MINNEAPOLIS - Leaders in the robotics industry gathered at The Depot in Minneapolis for the sixth annual Robotics Alley Conference & Expo.
The expo featured emerging technology meant to change the way we live.
California-based Suitable Technologies brought its Beam robots to the conference. The "smart presence systems" allow its users to be in two places at once. Beam provides video conferencing coupled with the ability to move around. It allowed speakers, like one from California, to present on the conference main stage.
3D printers were also on display.
WDL systems in North Carolina sells a $500 3D printer that has been on the market in the United States for less than a year.
"Prices on 3D printers are really coming down lately. They kind of started off as a major industrial tool, then they sort of hit the enthusiast market," said Donnie Springfield, chief technical officer for WDL systems.
The expo also featured a robotic lawn mower, similar to a Roomba but for your lawn. Robomow has been around since 1995 but it hasn't caught on in the United States yet.
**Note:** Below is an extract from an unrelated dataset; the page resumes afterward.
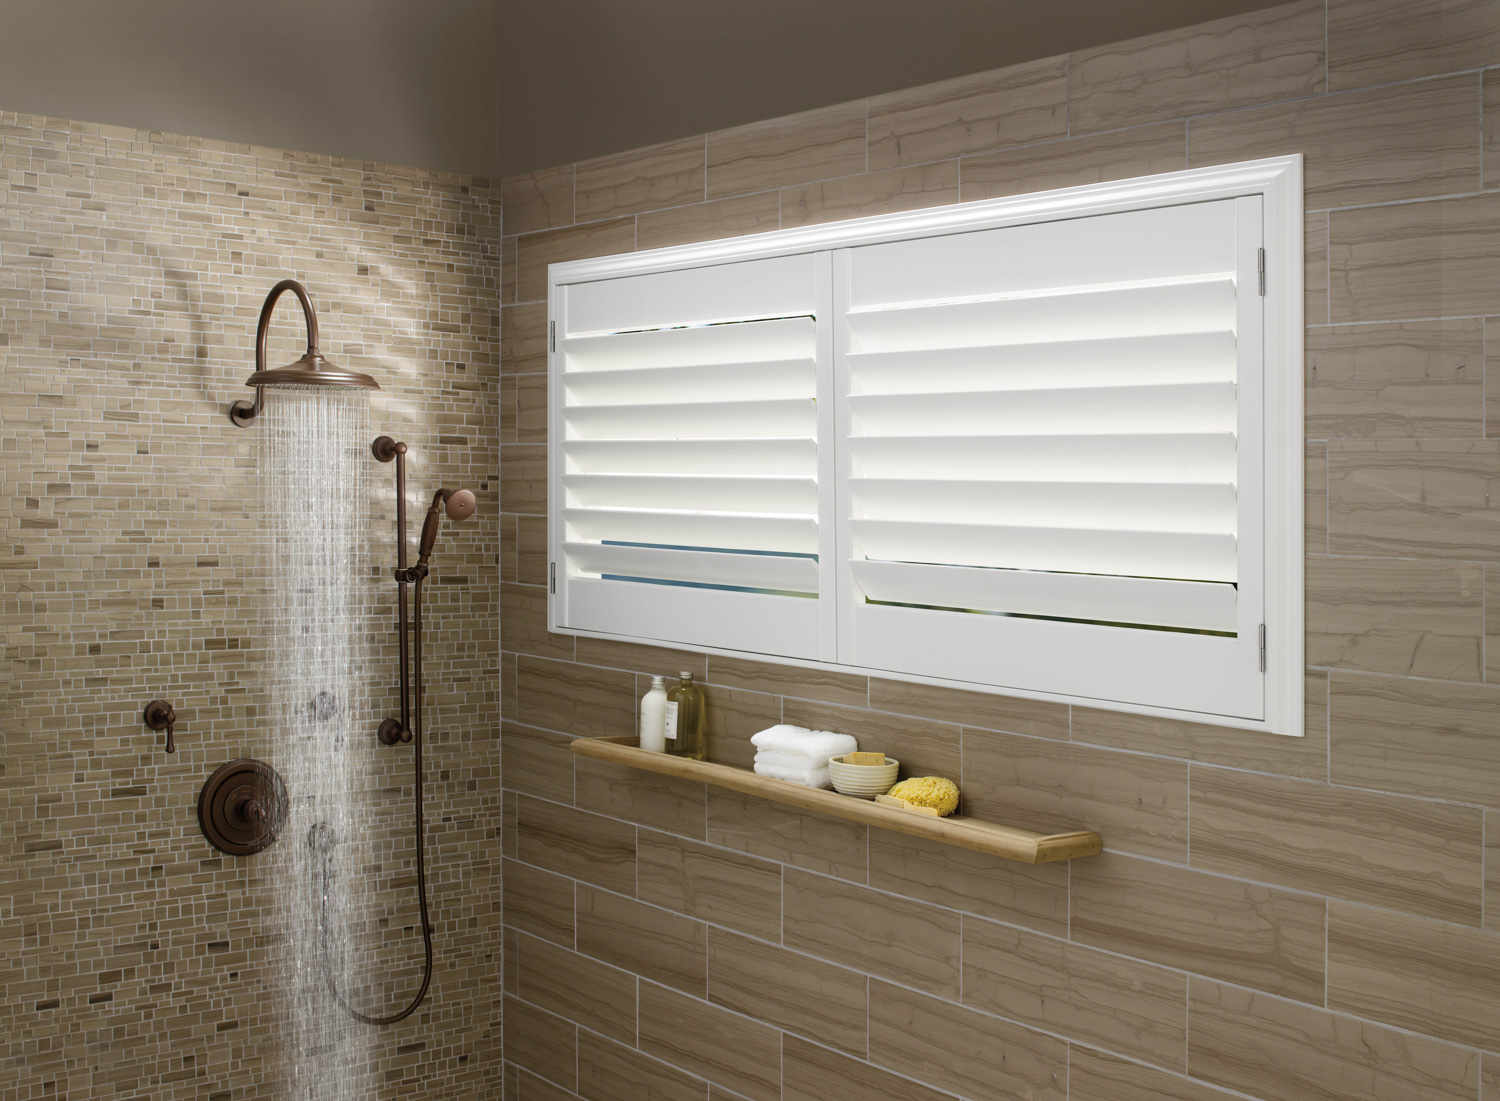 Composite shutters in shower window, providing privacy and style to the bathroom decor.

"You go to Europe and they're all over the place," said Giselle Sendra, digital marketing director for Robomow. "In the U.S. it's a little bit different because people actually enjoy mowing their lawn. So it's something they kind of have to wrap their mind around. It's something new. It's different."
While people come to Robotics Alley from all over the world, one of its focuses is on highlighting the robotics industry in the Midwest.
Edina-based ReconRobotics is a co-founder of the annual event.
ReconRobotics sells tactical micro-robots to law enforcement agencies and the military. These micro-robots can be used to check out a hostile situation before police decide what to do next.
"Anyone can use this. It's designed for use in a high-stress situation to be very intuitive," said Andrew Drenner, chief technology officer for ReconRobotics.
The Robotics Alley Conference & Expo was Feb. 28 and March 1.